* _ASSIGNED TASK_: All the lines below need to be transcribed exactly. Pictures get left out.

* _EXERCISE DATA_:
»»

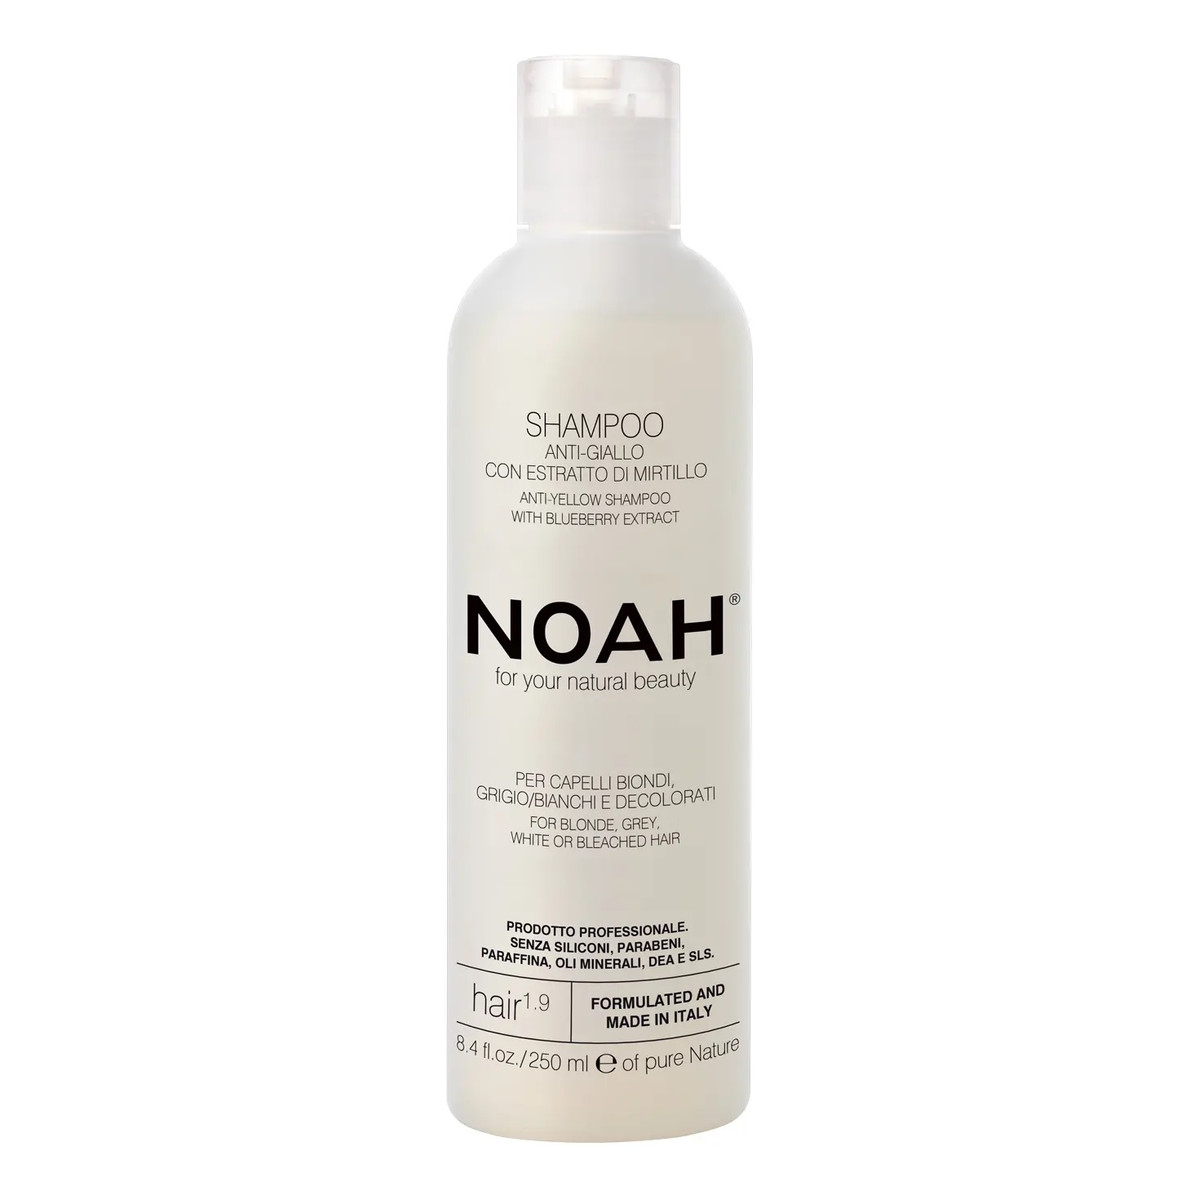 Noah Anti-yellow shampoo with blueberry extract szampon do włosów blond i siwych 250ml
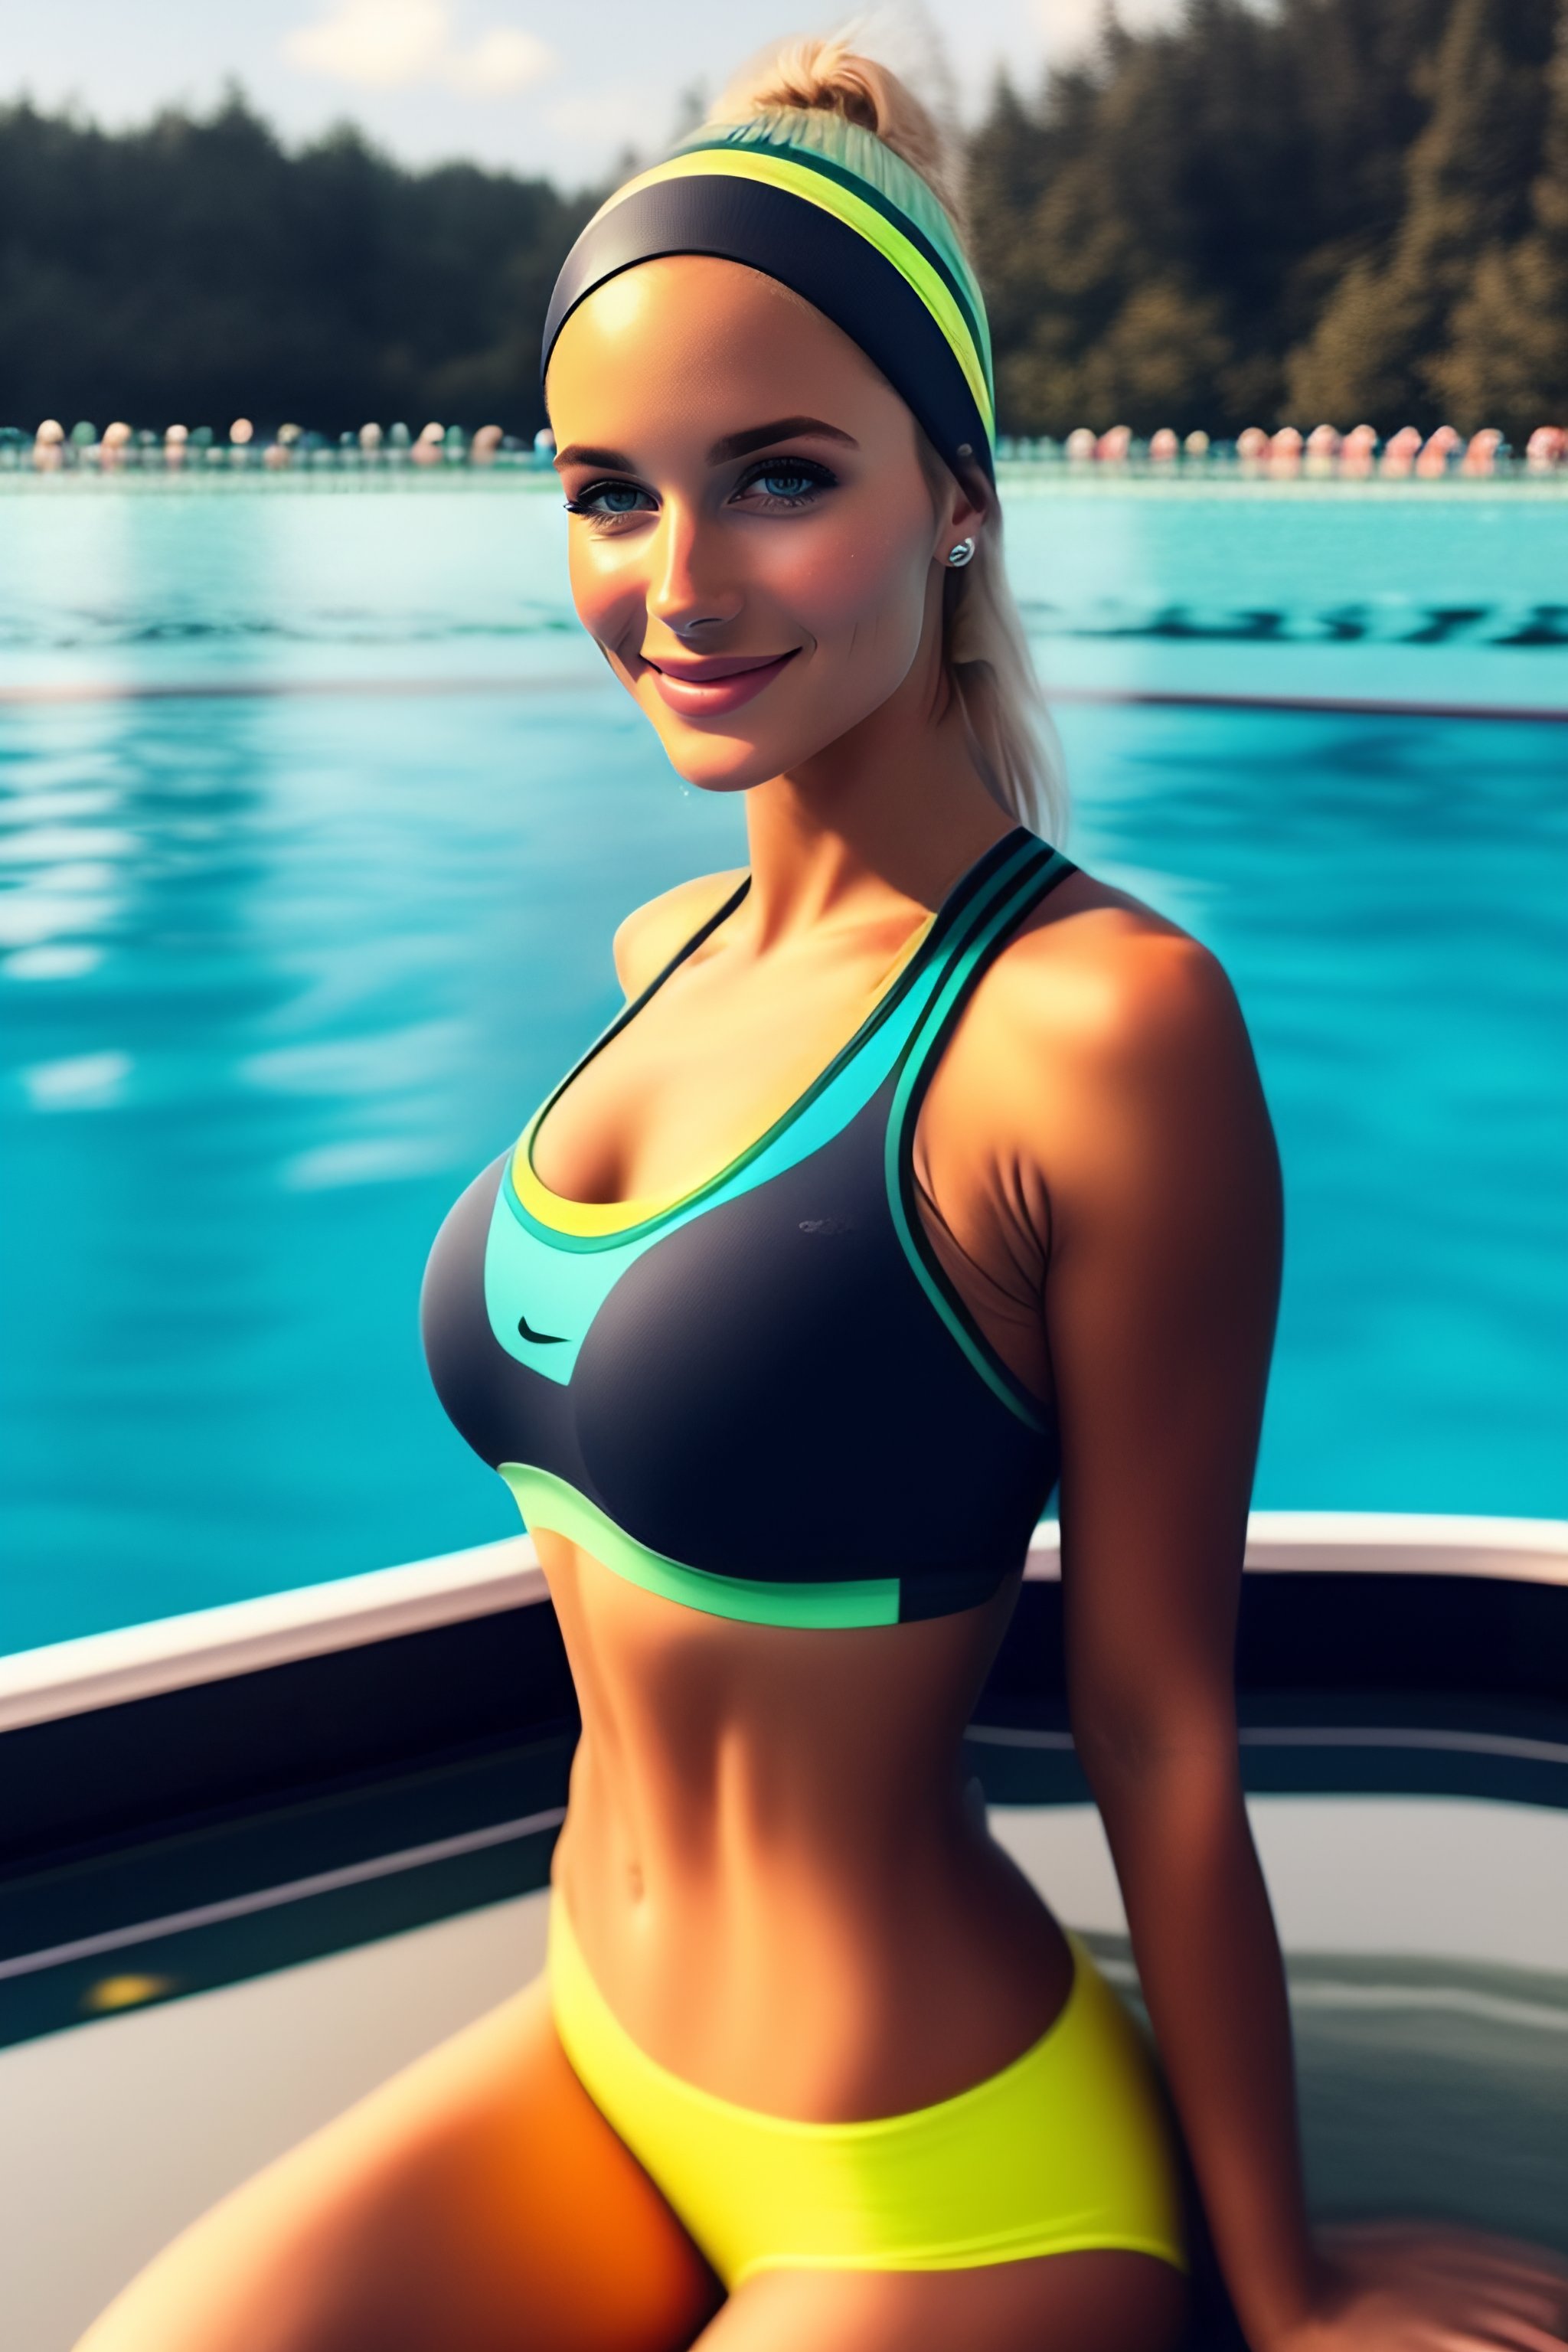 Lexica - A beautiful Russian cute girl wearing yoga pants swimming
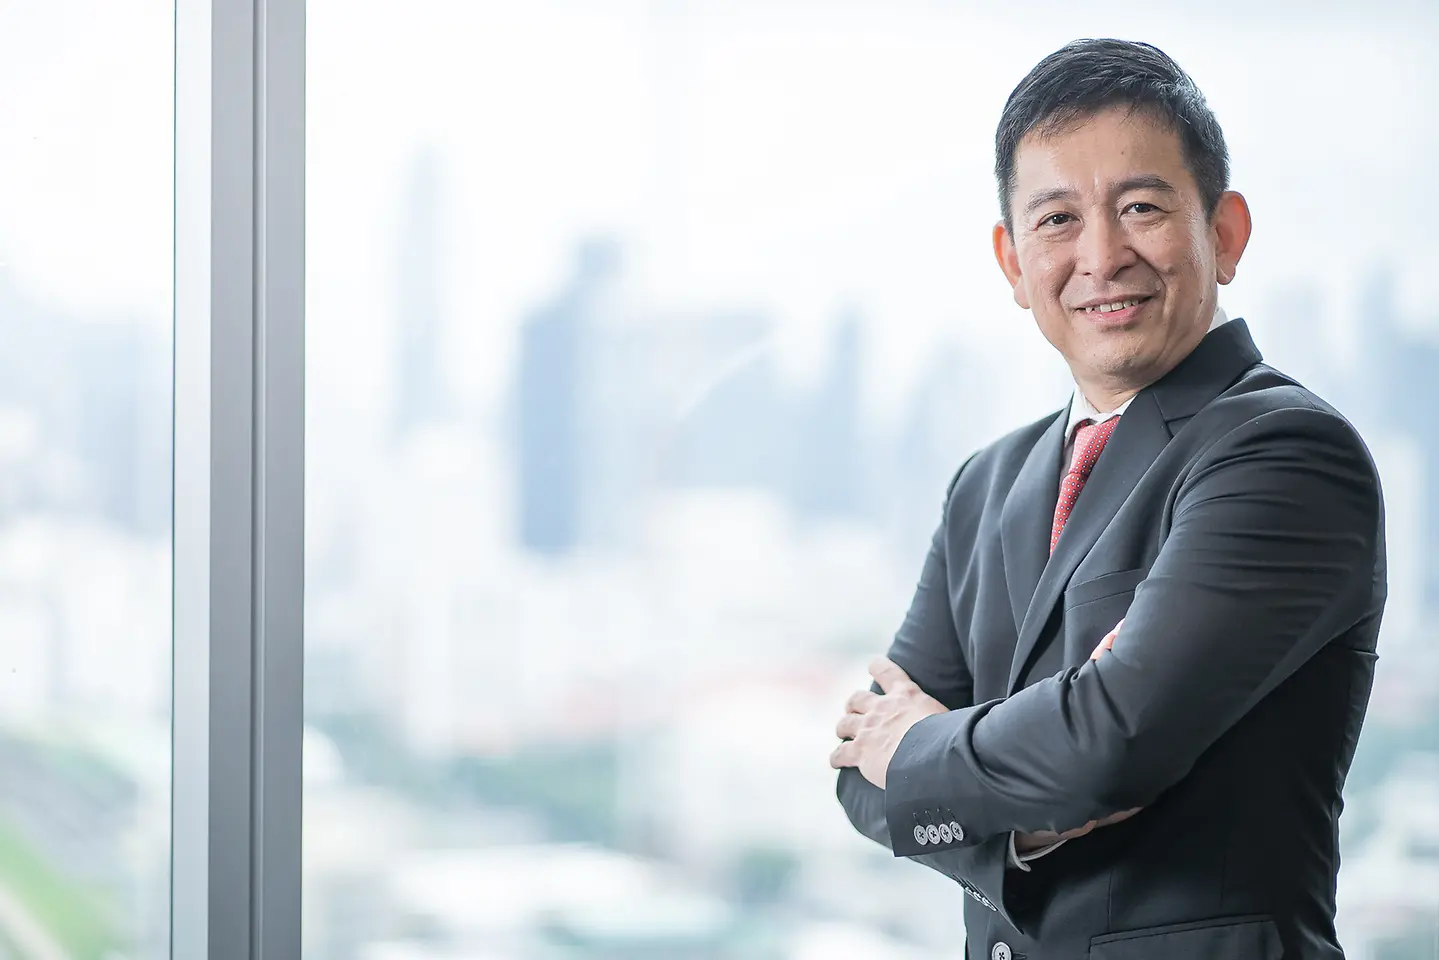 แอนเดรียนโต้ จายาเปอร์นา ประธาน บริษัทเฮงเค็ล ประเทศไทย | Andrianto Jayapurna, President Henkel Thailand

««

* _SOLUTION TO THE PROBLEM_:
 Noah Anti-yellow shampoo with blueberry extract szampon do włosów blond i siwych 250ml
 Lexica - A beautiful Russian cute girl wearing yoga pants swimming
 แอนเดรียนโต้ จายาเปอร์นา ประธาน บริษัทเฮงเค็ล ประเทศไทย | Andrianto Jayapurna, President Henkel Thailand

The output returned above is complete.